Learning Objective 6

Students will assess the goodness of fit of the regressions

30) [6 points] Complegte bullet points below describing the goodness of fit of the regression and state which regression is better

  • (I): Adj. R^2 = .741
  • (II): Adj. R^2 = .553
  • (III): Adj. R^2 = .741
  • (IV): Adj. R^2 = .984
  • (V): Adj. R^2 = .982

  • The best regression is: Model 4 because it has the highest Adj. R^2 value.

31) [1 points] UselinearHypothesis() to test simultaneously whether the following variables should be included in ols5 model.

linearHypothesis(mod5, c("white=0", "private.school=0"), white.adjust = "hc1")
## Linear hypothesis test
## 
## Hypothesis:
## white = 0
## private.school = 0
## 
## Model 1: restricted model
## Model 2: green.donations ~ age + age^2 + private.school + log(income) + 
##     single + kids + white + gender.f + north.east.m + west.coast.m
## 
## Note: Coefficient covariance matrix supplied.
## 
##   Res.Df Df      F  Pr(>F)  
## 1   1792                    
## 2   1790  2 3.0802 0.04619 *
## ---
## Signif. codes:  0 '***' 0.001 '**' 0.01 '*' 0.05 '.' 0.1 ' ' 1

32) [2 points] Interpret the results from the test above. Should you keep both variables?

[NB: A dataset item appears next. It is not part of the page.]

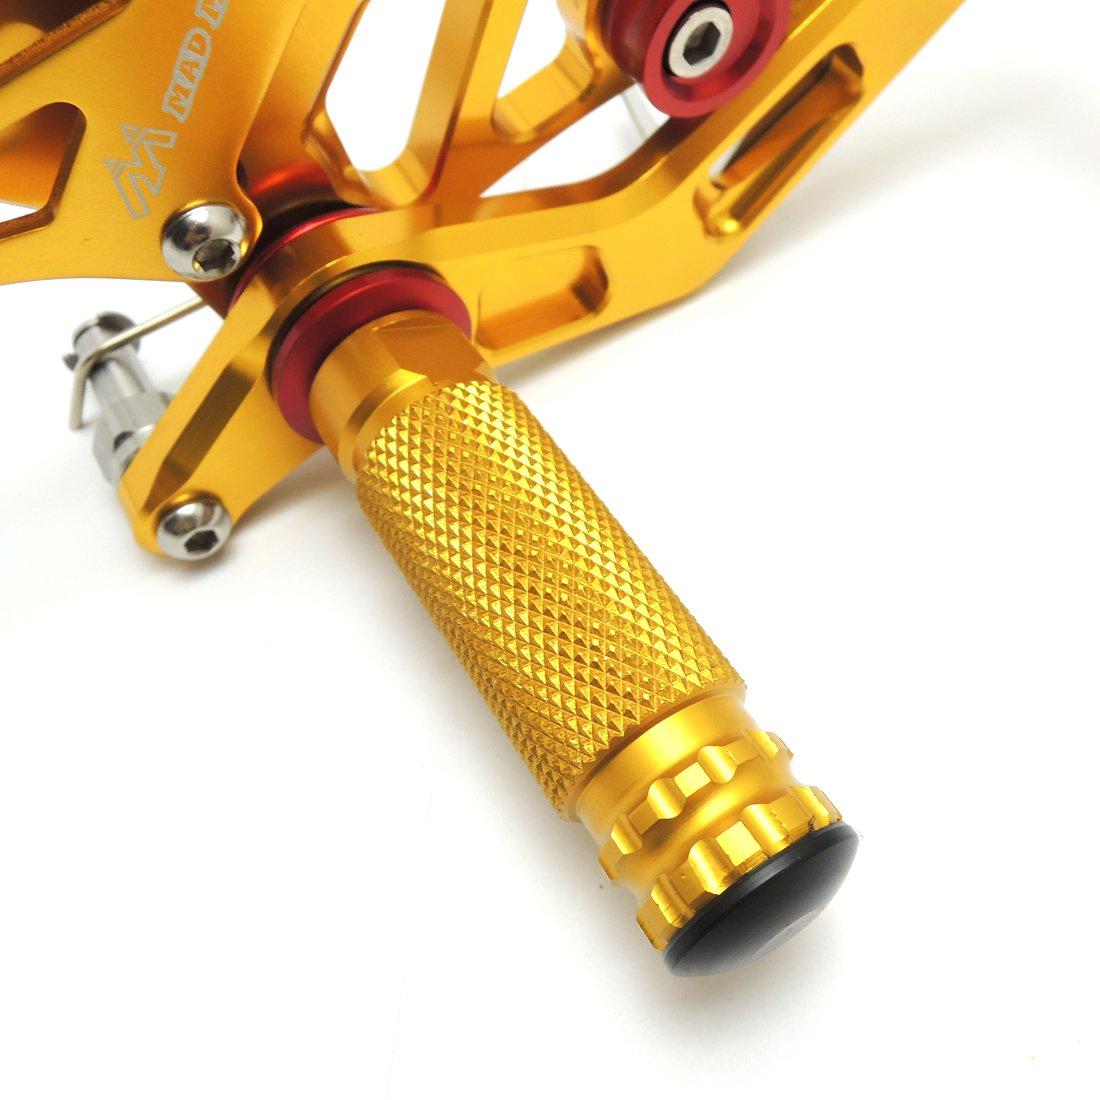 Estriberas Ajustables CNC Reposapi/és de Motocicleta para CBR1000RR CBR600RR 2003 2004 2005 2006 2007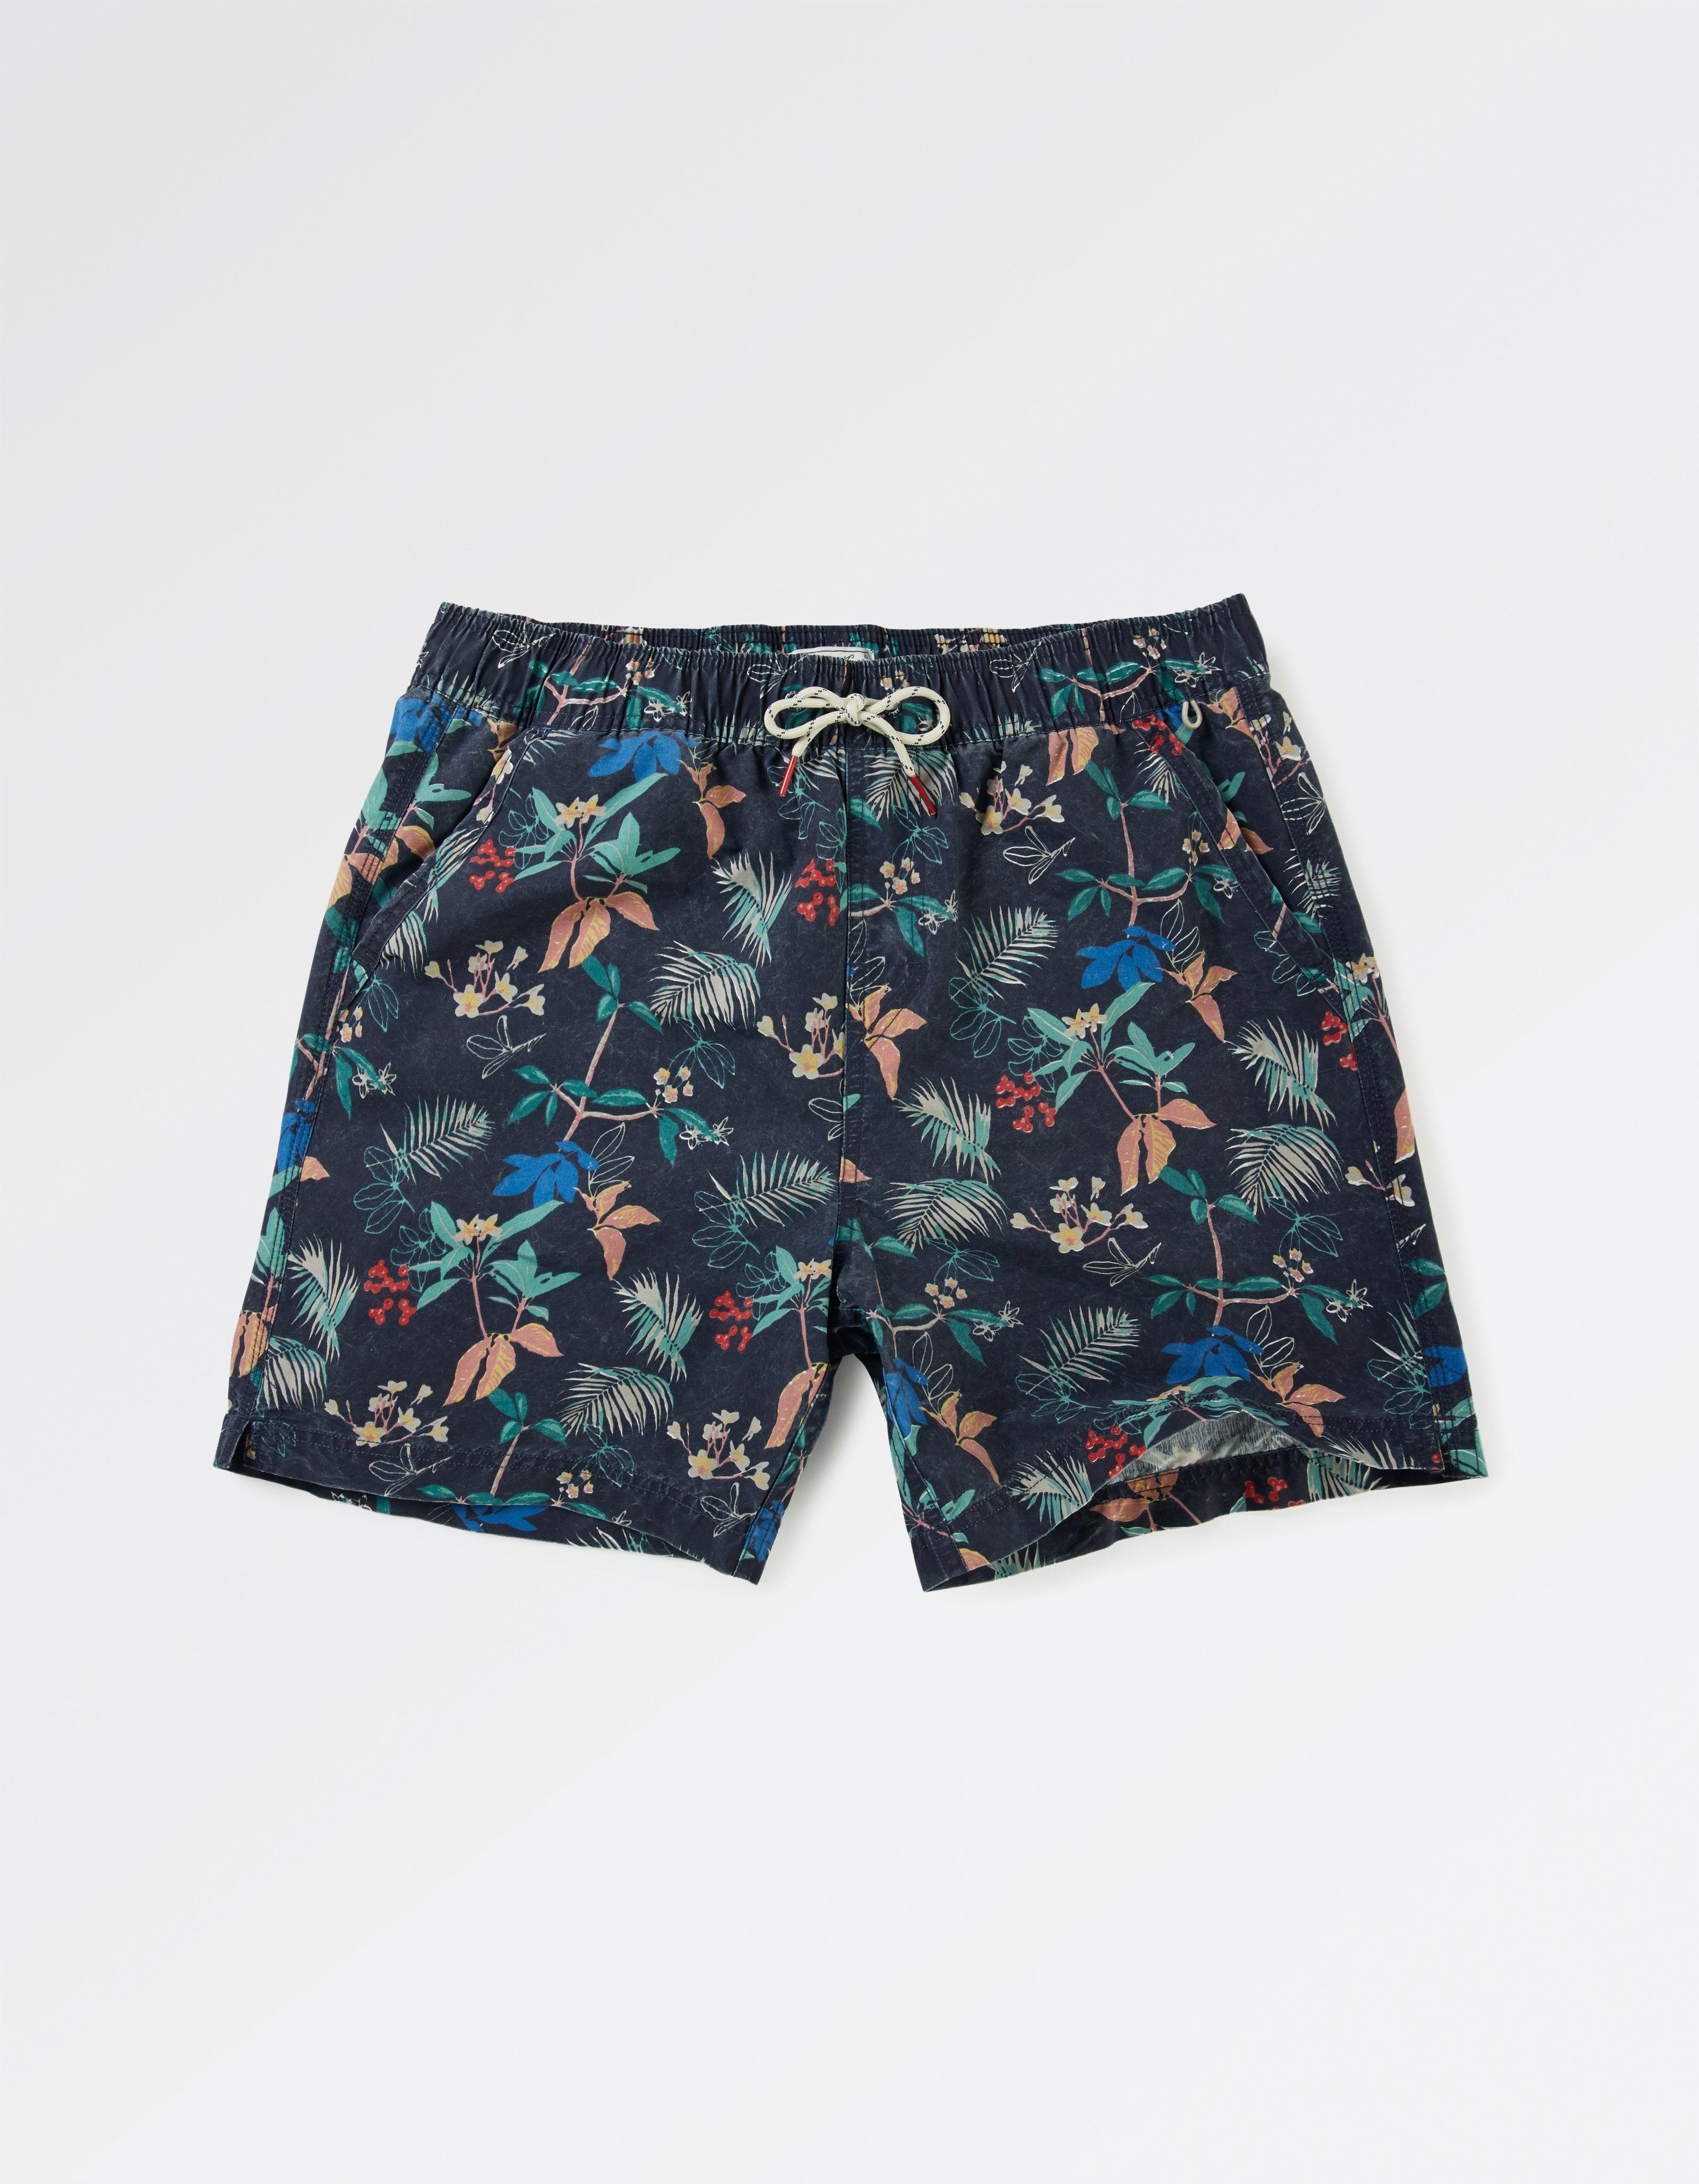 Fistral Tropical Print Swim Shorts

With the F-Statistic being 3.08 and the pvalue of .04619 which is significant at the 99% level, we should keep both variables in the model.

Learning Objective 7

Students will interpret the coefficients from the models

33) [10 points] Interpret the coefficients of the following variables from the best ols model. Write a sentence explaining the intuition behind the result. Complete the following bullet points with your answers.

  • age:
    • interpretation: Every year older the person gets, they donate $14.93 less dollars
    • intuition: I believed that the relationship would be opposite, a possible reason for it being this way is that younger people may be more concerned with the environment than older people.
  • college:
    • interpretation: N/A
    • intuition: N/A
  • ln(income):
    • interpretation: As income increases by 1% green donations increase by $17.11
    • intuition: As people are making more money they feel more willing to donate to help the environment
  • single:
    • interpretation: If someone is single, they donate $13.7 more dollars
    • intuition: More income to spend on other things
  • kids:
    • interpretation: As the amount of kids go up by 1 the amount donated goes down by $23.69
    • intuition: having more kids forces the parents to spend money on them rather than donating it

Learning Objective 8

Students will comment about potential bias in their estimation strategy

34) [5 points] Write about potential sources of bias in your regression. Hint: Review Chapter 10 HAGS.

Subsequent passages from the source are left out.